By examining this PKG file, Malwarebytes discovered that the application comes with a “post-installation script”, which is typically used to clean up the installation after the process is complete. In this case, however, the script implements malware on macOS.
The script file is copied to a folder linked to the Little Snitch application under the name CrashReporter, so the user will not notice it running in the activity monitor because macOS has an internal application with a similar name. The defined location is: / Library / LittleSnitchd / CrashReporter.
Malwarebytes notes that it takes a while for the ransomware to start working after installation, so the user will not associate it with the last application installed. Once the malicious code is activated, it modifies the system and user files with unknown encryption.

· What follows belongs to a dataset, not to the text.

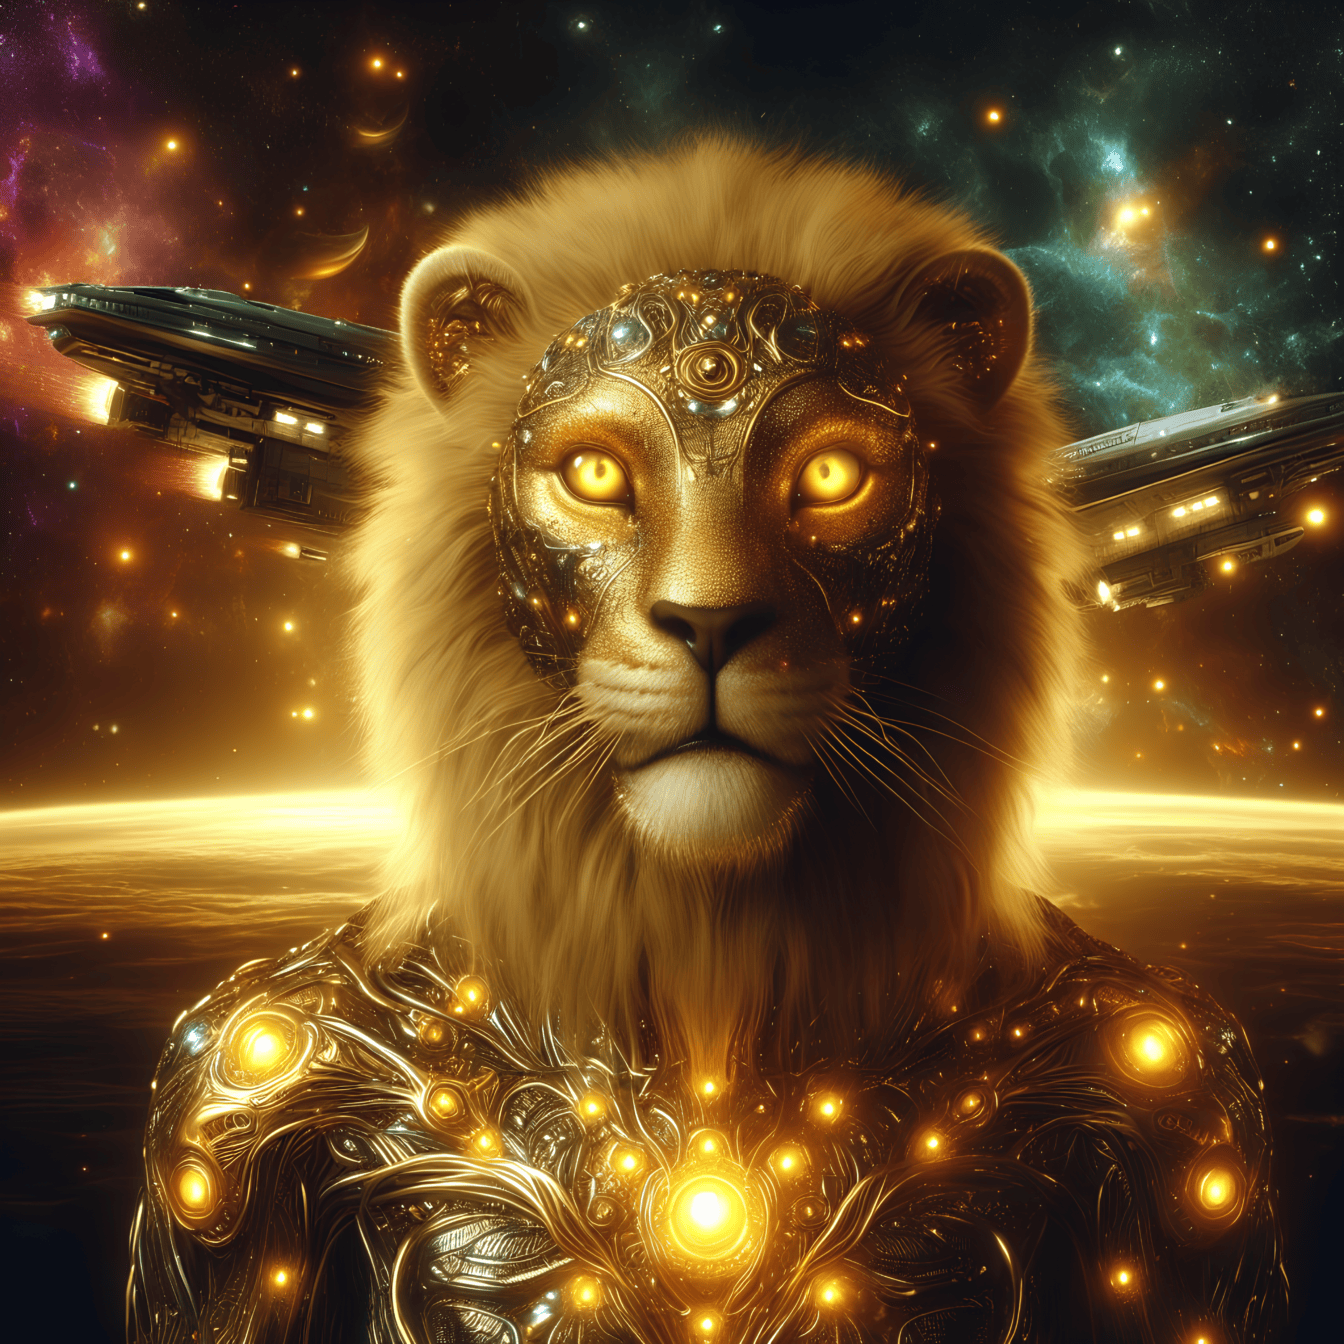 Muotokuva kultaisesta jumaluudesta, leijona-kyborgi-ulkomaalaisesta hehkuvassa panssarissa, avaruusalukset taustalla

Part of the encryption prevents the Finder from working properly and the system constantly crashes. Even the system keychain is corrupted, so it is impossible to access passwords and certificates saved on the Mac. A message on the screen indicates that the user must pay $ 50 to recover their files, otherwise everything will be deleted after three days.
There’s still no way to get rid of malware after encrypting files, so users should keep an up-to-date backup of everything.
The best way to avoid the consequences of ransomware is to maintain a good set of backups. Keep at least two backup copies of all important data, and at least one should not be attached to your Mac at all times. (The ransomware may try to encrypt or damage the backups on the connected drives.)
Although ransomware is only included with pirated apps at this time, Apple needs to fix this security hole as soon as possible because this malicious code can be included in more applications.